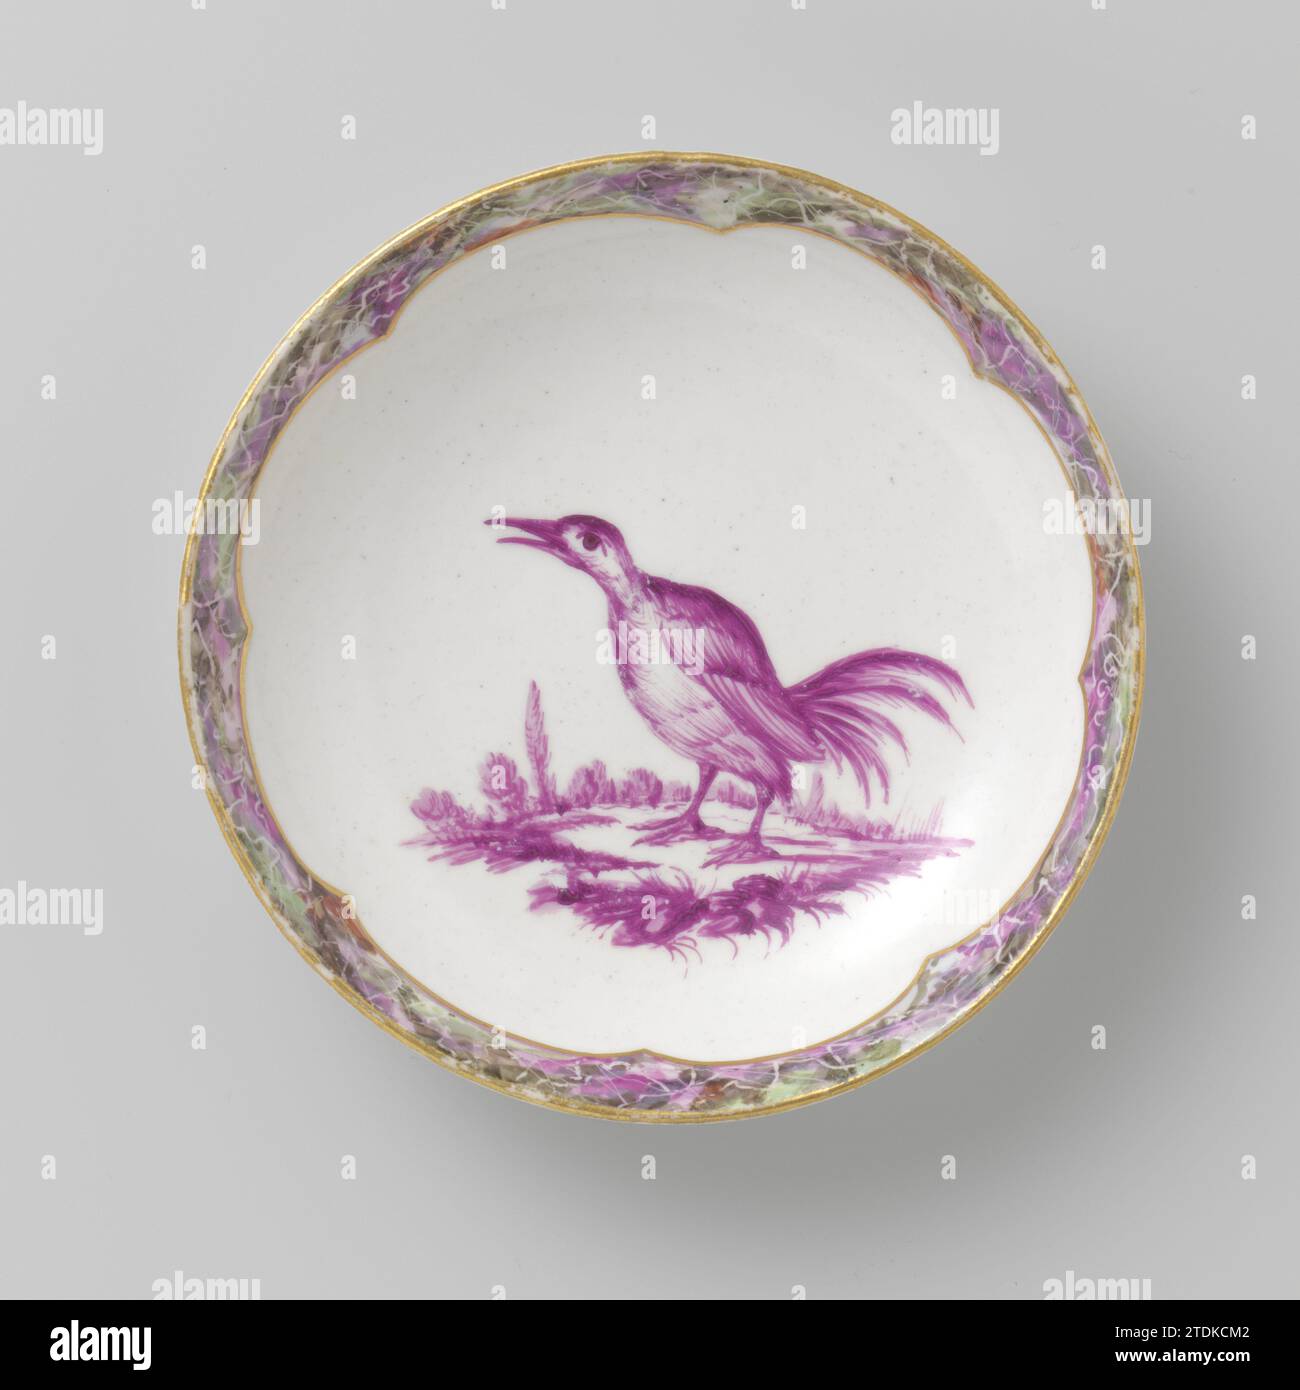 Cup and Saucer, Manufactuur Oud-Loosdrecht, c. 1778 - c. 1782 Porcelain dish. Painted in beet red with a bird on a ground. Along the edges, a grabbed stock -locked stock in beet red, green, gray -brown and red. Golden piping along the dish. Loosdrecht porcelain Porcelain dish. Painted in beet red with a bird on a ground. Along the edges, a grabbed stock -locked stock in beet red, green, gray -brown and red. Golden piping along the dish. Loosdrecht porcelain Stock Photo
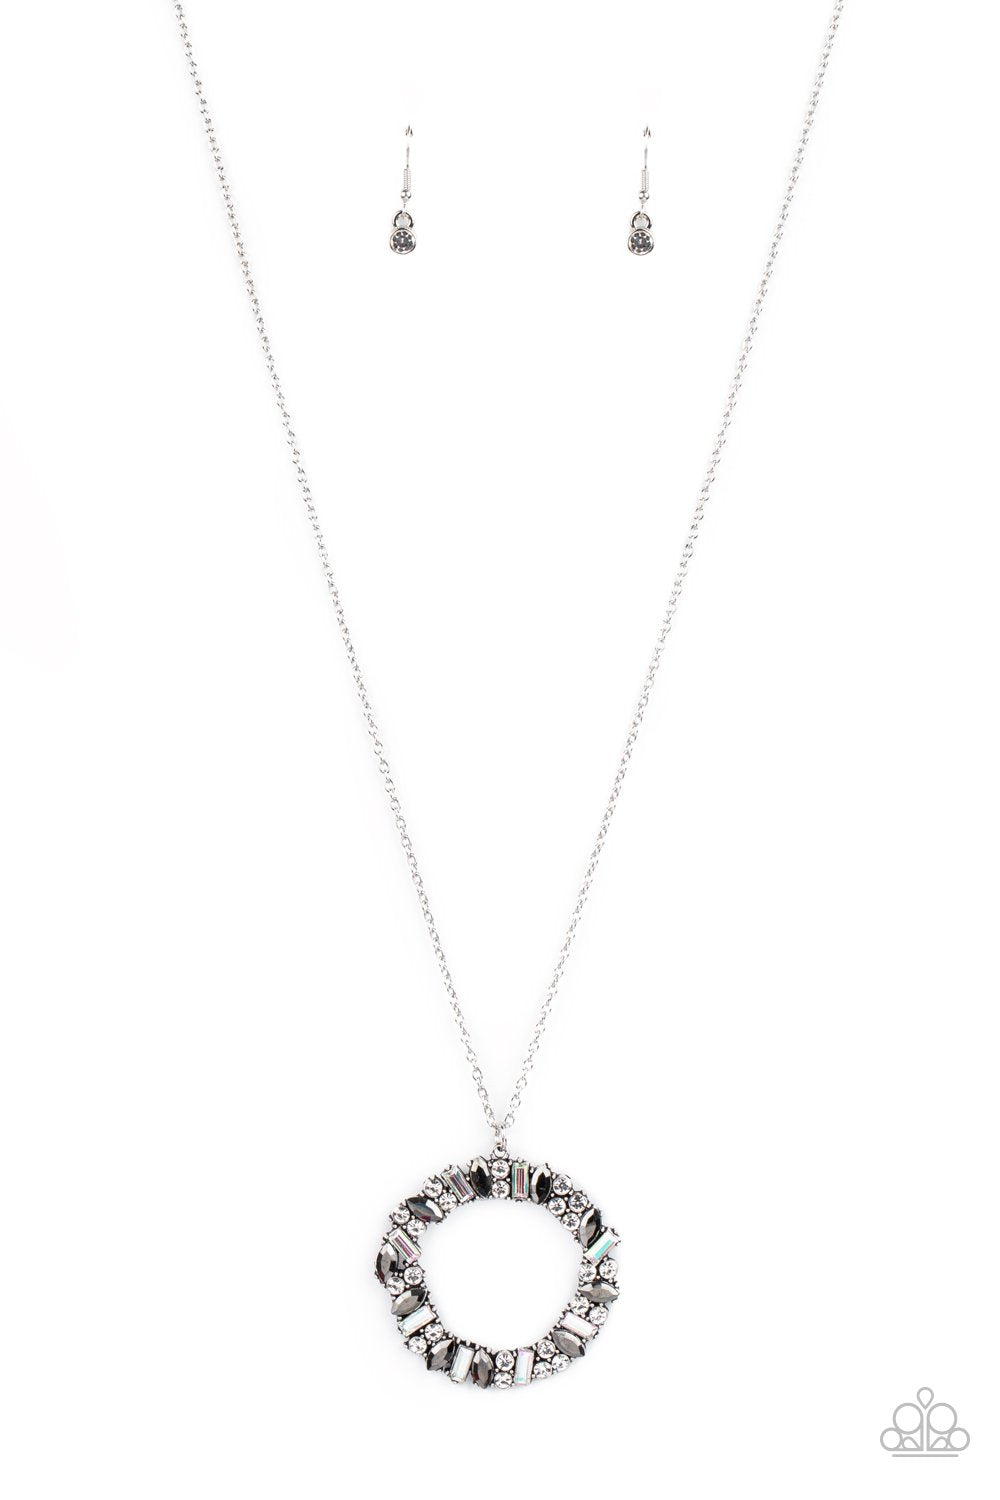 Wreathed in Wealth - Silver Iridescent Necklace
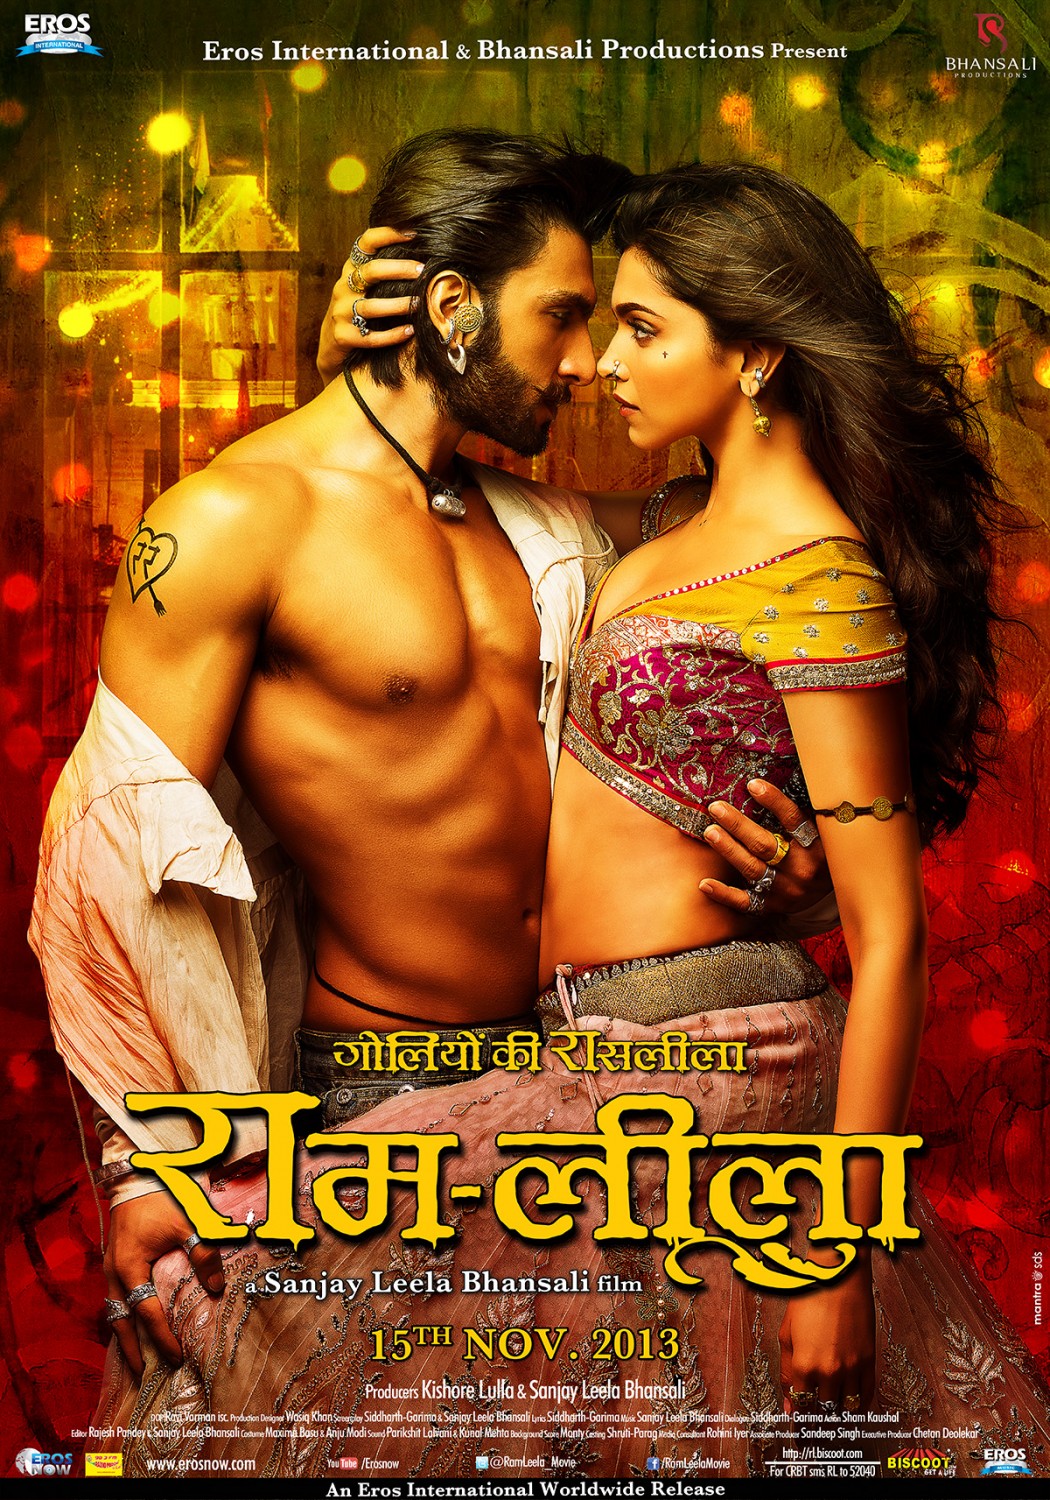 Extra Large Movie Poster Image for Ram Leela (#4 of 4)
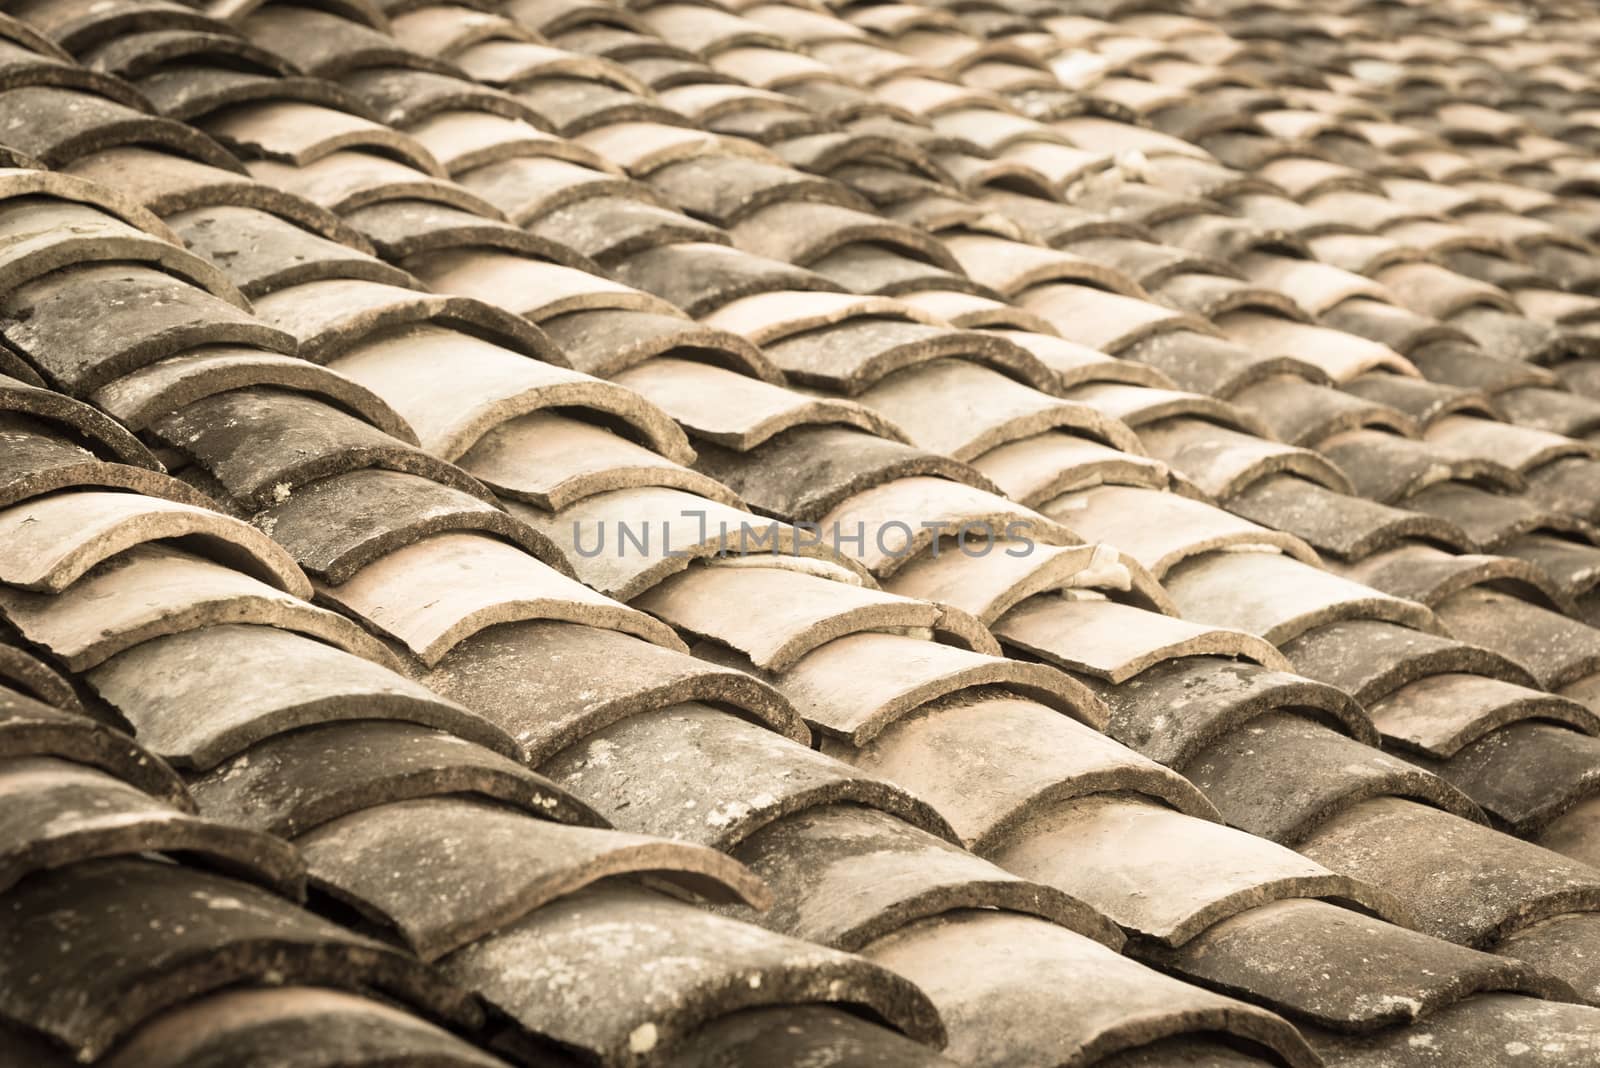 Vintage tone curved clay tiled roof in various colors from an old house in North Vietnam, late afternoon light. Ancient, weathered roofing surface, moss texture. Natural seamless pattern background

### PROBLEM
Copy the data precisely. Skip every picture.

### OUTPUT BELOW
 Cup and Saucer, Manufactuur Oud-Loosdrecht, c. 1778 - c. 1782 Porcelain dish. Painted in beet red with a bird on a ground. Along the edges, a grabbed stock -locked stock in beet red, green, gray -brown and red. Golden piping along the dish. Loosdrecht porcelain Porcelain dish. Painted in beet red with a bird on a ground. Along the edges, a grabbed stock -locked stock in beet red, green, gray -brown and red. Golden piping along the dish. Loosdrecht porcelain Stock Photo
 Wreathed in Wealth - Silver Iridescent Necklace
 Extra Large Movie Poster Image for Ram Leela (#4 of 4)
 Vintage tone curved clay tiled roof in various colors from an old house in North Vietnam, late afternoon light. Ancient, weathered roofing surface, moss texture. Natural seamless pattern background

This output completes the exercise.